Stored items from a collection
——

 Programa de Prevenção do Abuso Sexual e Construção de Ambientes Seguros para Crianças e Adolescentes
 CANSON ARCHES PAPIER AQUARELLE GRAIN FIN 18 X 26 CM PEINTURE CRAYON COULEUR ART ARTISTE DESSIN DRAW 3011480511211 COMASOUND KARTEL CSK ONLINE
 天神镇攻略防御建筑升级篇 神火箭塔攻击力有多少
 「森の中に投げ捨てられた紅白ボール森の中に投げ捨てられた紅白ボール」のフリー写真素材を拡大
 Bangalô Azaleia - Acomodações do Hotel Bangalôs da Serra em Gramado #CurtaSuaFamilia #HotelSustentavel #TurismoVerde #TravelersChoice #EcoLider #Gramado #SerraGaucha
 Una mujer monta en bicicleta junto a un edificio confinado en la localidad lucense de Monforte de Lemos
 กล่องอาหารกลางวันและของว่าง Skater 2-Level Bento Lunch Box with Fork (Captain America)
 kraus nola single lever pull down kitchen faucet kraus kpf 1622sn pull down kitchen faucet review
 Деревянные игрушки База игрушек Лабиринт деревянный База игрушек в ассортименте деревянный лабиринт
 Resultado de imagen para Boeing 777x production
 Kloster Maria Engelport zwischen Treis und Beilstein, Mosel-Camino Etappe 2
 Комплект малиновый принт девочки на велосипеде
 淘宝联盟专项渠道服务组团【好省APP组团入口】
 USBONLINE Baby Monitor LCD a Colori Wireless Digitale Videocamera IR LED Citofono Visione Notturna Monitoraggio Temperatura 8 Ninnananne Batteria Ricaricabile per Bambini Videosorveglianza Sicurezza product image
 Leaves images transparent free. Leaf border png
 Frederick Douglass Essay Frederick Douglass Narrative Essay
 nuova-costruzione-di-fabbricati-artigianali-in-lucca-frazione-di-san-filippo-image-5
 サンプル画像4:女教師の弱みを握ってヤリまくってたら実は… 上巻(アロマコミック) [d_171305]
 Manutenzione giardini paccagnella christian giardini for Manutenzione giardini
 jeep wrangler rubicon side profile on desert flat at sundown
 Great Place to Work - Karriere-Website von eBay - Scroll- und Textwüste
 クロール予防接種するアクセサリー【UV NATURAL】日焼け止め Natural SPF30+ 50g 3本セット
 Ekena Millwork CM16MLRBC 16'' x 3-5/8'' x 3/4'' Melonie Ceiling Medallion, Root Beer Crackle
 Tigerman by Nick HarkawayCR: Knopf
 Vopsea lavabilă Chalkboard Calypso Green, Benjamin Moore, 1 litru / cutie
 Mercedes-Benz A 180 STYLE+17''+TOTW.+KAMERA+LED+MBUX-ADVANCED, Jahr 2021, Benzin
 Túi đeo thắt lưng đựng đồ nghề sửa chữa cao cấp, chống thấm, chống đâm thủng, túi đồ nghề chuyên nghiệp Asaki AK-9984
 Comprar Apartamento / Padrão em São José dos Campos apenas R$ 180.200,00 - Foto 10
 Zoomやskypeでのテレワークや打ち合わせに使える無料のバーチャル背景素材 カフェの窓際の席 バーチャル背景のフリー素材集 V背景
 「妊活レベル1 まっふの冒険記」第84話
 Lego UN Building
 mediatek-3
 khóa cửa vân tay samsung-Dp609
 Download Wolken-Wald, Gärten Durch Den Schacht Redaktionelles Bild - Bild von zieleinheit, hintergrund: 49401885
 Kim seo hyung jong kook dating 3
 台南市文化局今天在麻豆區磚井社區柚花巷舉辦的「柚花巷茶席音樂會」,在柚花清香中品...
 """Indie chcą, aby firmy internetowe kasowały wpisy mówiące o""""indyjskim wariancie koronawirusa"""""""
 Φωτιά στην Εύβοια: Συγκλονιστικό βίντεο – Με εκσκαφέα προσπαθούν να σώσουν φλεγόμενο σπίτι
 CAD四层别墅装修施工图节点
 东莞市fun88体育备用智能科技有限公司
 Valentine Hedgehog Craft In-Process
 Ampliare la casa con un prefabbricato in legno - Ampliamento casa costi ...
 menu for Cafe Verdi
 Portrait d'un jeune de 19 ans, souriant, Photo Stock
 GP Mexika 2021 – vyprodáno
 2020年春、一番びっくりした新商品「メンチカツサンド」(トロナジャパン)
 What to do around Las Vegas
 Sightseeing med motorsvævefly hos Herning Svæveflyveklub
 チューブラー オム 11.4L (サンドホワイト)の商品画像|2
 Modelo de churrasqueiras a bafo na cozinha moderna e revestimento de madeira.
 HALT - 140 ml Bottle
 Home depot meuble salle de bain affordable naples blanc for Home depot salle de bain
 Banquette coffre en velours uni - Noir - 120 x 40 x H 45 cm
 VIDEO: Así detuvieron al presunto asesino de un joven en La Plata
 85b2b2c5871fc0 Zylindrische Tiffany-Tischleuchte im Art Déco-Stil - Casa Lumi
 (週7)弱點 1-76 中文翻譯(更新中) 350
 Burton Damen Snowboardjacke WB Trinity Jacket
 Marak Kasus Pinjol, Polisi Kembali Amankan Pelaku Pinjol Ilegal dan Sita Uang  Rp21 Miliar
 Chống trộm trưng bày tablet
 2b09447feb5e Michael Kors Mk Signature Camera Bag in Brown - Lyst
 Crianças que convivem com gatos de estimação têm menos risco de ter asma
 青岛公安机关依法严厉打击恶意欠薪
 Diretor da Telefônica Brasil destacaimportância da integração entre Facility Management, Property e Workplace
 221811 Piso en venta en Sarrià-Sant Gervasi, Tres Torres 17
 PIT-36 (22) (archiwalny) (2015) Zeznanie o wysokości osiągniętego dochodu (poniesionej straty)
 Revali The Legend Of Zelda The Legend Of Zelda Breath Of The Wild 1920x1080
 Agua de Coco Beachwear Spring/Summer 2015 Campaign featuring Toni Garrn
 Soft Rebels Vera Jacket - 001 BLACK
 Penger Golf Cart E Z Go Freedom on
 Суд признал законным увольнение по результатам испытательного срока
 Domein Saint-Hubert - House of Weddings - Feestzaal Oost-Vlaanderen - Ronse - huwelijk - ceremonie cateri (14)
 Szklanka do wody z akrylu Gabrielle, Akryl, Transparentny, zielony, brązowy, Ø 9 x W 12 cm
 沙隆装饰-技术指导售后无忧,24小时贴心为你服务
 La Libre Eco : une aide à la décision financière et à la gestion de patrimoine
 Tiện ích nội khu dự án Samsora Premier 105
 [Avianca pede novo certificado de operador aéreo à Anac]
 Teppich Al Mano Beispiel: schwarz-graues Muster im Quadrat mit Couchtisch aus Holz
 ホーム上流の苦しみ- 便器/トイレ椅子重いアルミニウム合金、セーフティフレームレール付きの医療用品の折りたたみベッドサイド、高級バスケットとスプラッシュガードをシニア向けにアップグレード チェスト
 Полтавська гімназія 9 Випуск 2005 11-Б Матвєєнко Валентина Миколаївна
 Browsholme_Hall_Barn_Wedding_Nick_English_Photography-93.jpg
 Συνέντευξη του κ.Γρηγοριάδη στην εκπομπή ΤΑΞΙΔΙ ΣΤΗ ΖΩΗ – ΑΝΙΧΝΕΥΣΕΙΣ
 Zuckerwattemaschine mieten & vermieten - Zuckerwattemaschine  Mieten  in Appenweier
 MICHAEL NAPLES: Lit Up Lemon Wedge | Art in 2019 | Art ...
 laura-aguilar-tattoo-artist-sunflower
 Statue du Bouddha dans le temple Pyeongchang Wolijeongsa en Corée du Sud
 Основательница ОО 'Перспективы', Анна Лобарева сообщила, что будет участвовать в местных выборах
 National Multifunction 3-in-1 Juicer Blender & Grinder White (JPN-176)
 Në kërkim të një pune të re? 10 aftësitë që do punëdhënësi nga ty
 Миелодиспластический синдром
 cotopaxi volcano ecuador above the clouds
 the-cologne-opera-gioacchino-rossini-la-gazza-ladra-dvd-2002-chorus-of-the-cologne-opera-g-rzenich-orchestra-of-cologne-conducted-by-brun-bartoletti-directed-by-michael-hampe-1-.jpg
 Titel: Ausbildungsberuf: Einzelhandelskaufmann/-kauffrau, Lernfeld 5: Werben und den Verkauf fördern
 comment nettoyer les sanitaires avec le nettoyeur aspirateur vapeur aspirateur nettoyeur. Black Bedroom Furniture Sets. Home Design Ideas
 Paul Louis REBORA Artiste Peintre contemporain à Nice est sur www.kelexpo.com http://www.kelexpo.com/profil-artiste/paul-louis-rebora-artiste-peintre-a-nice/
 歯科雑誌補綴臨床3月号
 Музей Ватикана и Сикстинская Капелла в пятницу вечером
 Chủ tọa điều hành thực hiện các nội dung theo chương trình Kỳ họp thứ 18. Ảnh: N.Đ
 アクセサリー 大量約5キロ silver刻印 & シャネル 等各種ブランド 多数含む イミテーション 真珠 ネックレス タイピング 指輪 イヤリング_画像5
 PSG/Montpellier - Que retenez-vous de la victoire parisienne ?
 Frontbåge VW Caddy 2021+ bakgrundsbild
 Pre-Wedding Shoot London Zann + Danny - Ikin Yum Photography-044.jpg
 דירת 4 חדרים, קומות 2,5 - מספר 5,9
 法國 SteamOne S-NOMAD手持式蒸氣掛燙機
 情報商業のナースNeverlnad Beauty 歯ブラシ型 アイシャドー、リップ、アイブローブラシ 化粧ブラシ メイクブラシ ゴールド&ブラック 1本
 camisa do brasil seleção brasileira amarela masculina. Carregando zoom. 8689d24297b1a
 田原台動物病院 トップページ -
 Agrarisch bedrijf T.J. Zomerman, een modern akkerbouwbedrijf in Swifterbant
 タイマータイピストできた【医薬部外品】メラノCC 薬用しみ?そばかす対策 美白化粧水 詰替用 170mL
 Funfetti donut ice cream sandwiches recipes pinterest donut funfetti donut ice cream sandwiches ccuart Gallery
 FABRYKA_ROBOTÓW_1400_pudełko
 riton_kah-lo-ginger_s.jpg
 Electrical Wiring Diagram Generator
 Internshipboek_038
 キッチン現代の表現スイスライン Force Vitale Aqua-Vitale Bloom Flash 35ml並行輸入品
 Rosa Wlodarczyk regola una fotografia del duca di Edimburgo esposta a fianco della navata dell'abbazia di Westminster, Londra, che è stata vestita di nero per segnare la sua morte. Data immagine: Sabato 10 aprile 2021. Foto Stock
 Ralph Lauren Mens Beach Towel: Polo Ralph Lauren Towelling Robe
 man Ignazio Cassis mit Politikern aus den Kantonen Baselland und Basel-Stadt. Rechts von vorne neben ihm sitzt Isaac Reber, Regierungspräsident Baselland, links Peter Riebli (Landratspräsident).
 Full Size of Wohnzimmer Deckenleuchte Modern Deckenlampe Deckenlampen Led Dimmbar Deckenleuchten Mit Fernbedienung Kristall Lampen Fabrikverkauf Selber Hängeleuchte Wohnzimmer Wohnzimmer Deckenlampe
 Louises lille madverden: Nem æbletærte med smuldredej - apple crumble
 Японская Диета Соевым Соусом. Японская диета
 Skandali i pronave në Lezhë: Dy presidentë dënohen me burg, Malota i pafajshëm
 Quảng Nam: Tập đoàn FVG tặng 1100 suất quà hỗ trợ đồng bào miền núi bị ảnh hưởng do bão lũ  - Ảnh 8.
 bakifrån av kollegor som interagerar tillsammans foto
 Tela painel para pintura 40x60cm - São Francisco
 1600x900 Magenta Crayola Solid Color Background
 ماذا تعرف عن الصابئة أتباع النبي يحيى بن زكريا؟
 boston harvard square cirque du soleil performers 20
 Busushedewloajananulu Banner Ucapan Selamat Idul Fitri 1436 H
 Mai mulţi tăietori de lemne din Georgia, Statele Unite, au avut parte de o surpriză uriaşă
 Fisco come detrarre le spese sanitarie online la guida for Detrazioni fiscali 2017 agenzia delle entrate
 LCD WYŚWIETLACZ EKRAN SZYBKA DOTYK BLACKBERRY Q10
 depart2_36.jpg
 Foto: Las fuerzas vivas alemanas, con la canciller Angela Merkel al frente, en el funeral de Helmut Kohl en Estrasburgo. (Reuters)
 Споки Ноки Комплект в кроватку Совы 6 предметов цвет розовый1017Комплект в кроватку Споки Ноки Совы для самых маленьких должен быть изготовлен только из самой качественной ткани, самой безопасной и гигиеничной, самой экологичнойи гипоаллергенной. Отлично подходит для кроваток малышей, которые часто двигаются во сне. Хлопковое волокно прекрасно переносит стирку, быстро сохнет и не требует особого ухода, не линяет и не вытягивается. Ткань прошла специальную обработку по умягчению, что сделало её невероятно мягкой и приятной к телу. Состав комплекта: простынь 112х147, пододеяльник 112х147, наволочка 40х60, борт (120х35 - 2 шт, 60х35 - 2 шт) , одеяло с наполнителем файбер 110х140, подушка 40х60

——

TO DO |
Give only the number of lines in the data that hold the string "στην".

SOLUTION FOR THIS PROBLEM |
2